Lê Minh Hiếu (born 30 June 2000), also known as B4, is a Vietnamese breakdancer. He is part of the mixed team 2018 Summer Youth Olympics gold medal winner in breakdancing.

== Early life ==
Minh Hiếu was born in Biên Hòa City, Đồng Nai province, Vietnam. In the family, Hiếu is the eldest of three children. When he was young, his father was imprisoned due to gambling, and his mother raised three children alone while suffering from kidney failure. In 2015, after their mother died, Hiếu and his brother were adopted by a breakdancer from Ho Chi Minh City.

== Career ==
Minh Hiếu began breakdancing in 2011 after watching dancers perform on television. In 2016, Hiếu participated in Vietnamese TV show So You Think You Can Dance season 5, advanced to the final round, and finished as the runner-up.

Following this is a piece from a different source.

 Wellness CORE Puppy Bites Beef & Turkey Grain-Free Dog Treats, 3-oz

In 2017, Hiếu competed in the World Youth Breaking Championship Qualification events held by the World DanceSport Federation (WDSF). He first participated in Taiwan, placed 20th, and then advanced to the next qualification in Kawasaki, Japan. His performance in Japan placed him in 12th position, which secured him a spot at the 2018 Summer Youth Olympics in Buenos Aires, Argentina.

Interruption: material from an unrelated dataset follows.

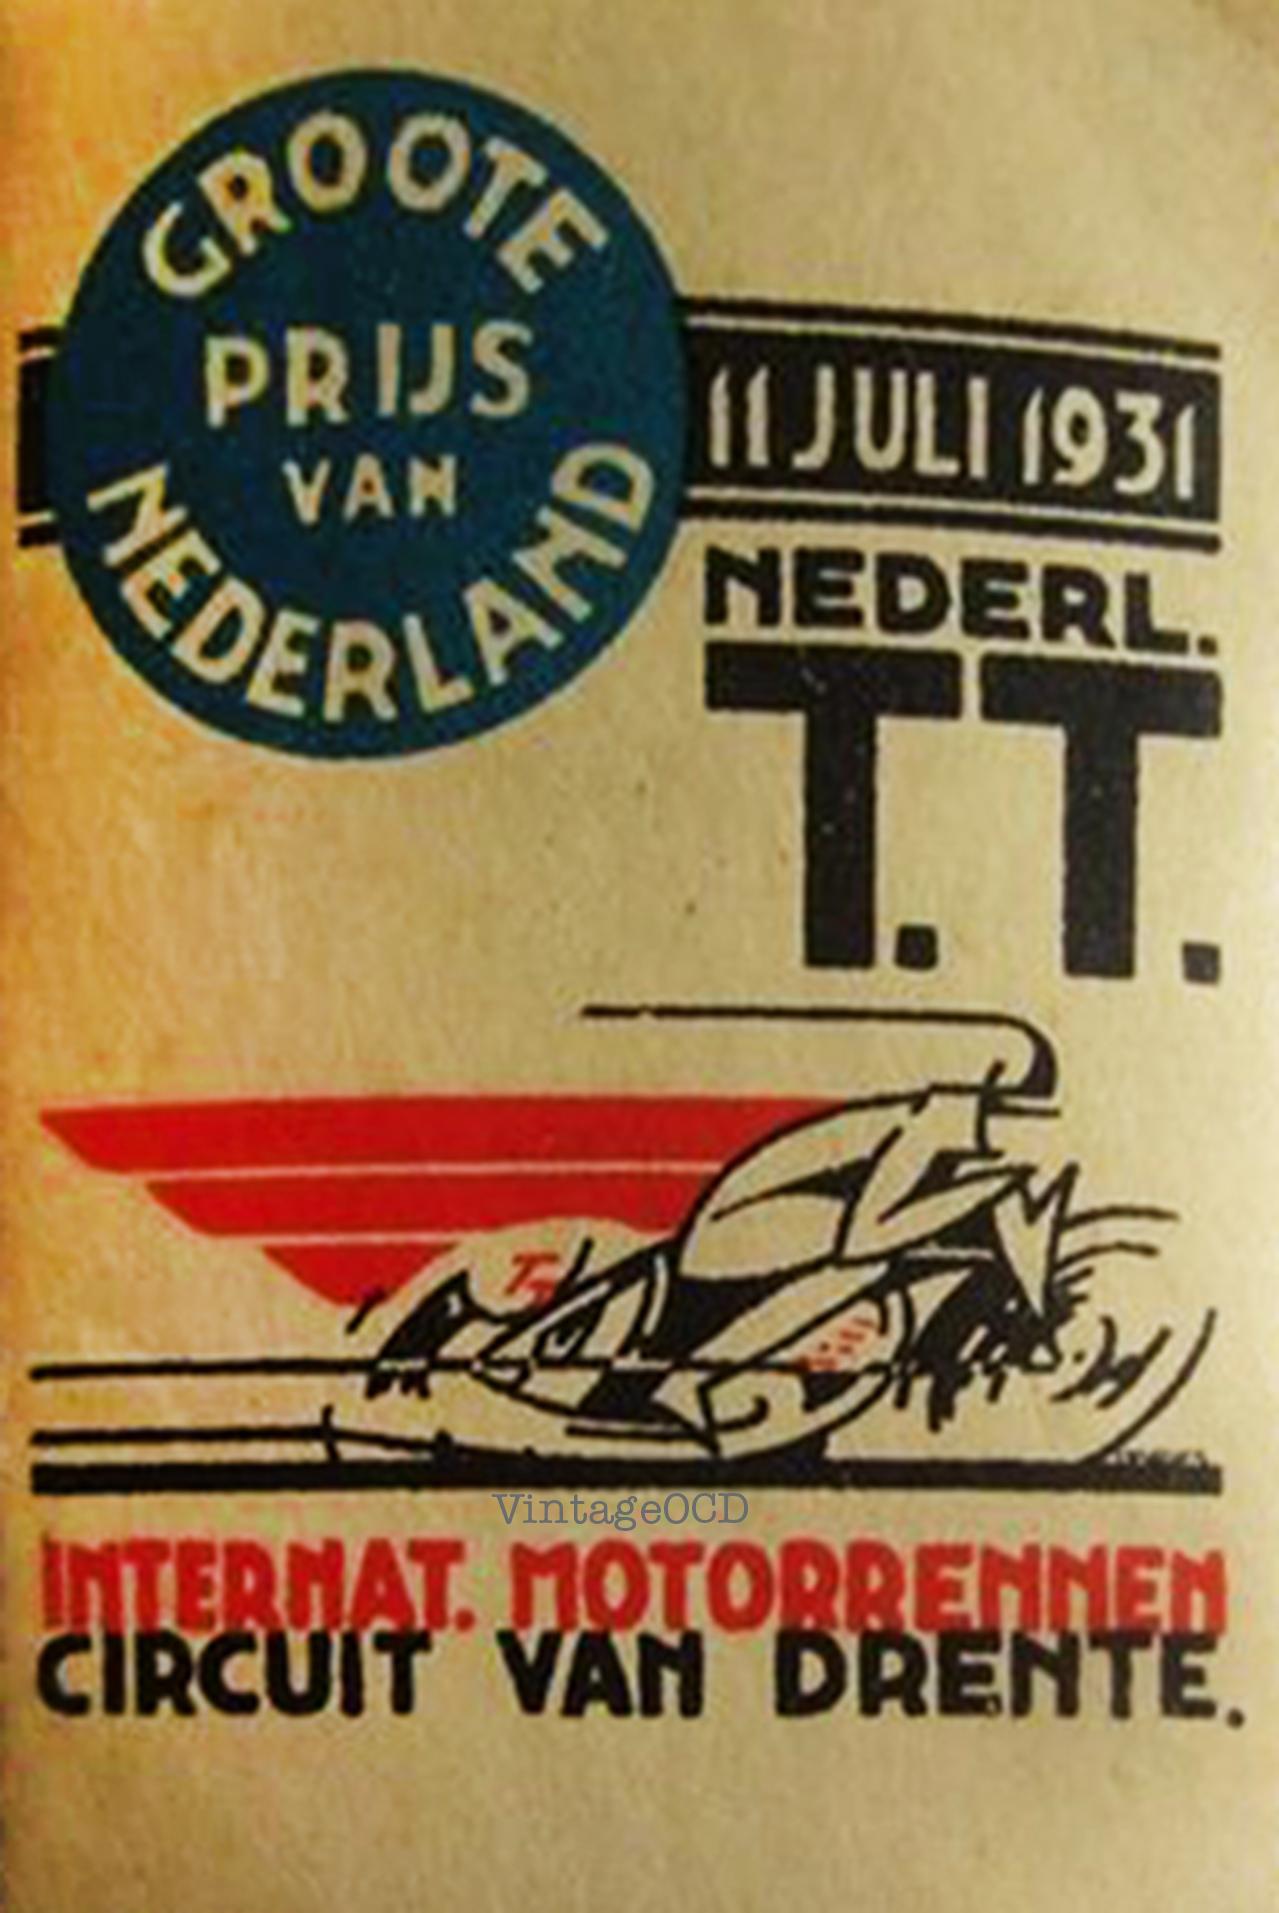 motorcycle racing poster vintage ocd. Black Bedroom Furniture Sets. Home Design Ideas

At the Youth Olympics, he placed last in the B-Boy individual category, but went on to win the gold medal in the Breaking Mixed Team event, alongside dancer Ram from Japan. The victory marked Vietnam's first medal in Olympic breaking and the fourth gold medal won by Vietnamese athletes at the 2018 Youth Olympics. After the competition, Hiếu became a teacher at a Vietnamese dance school in Ho Chi Minh City. Hiếu also continued to represent Vietnam in various regional competitions.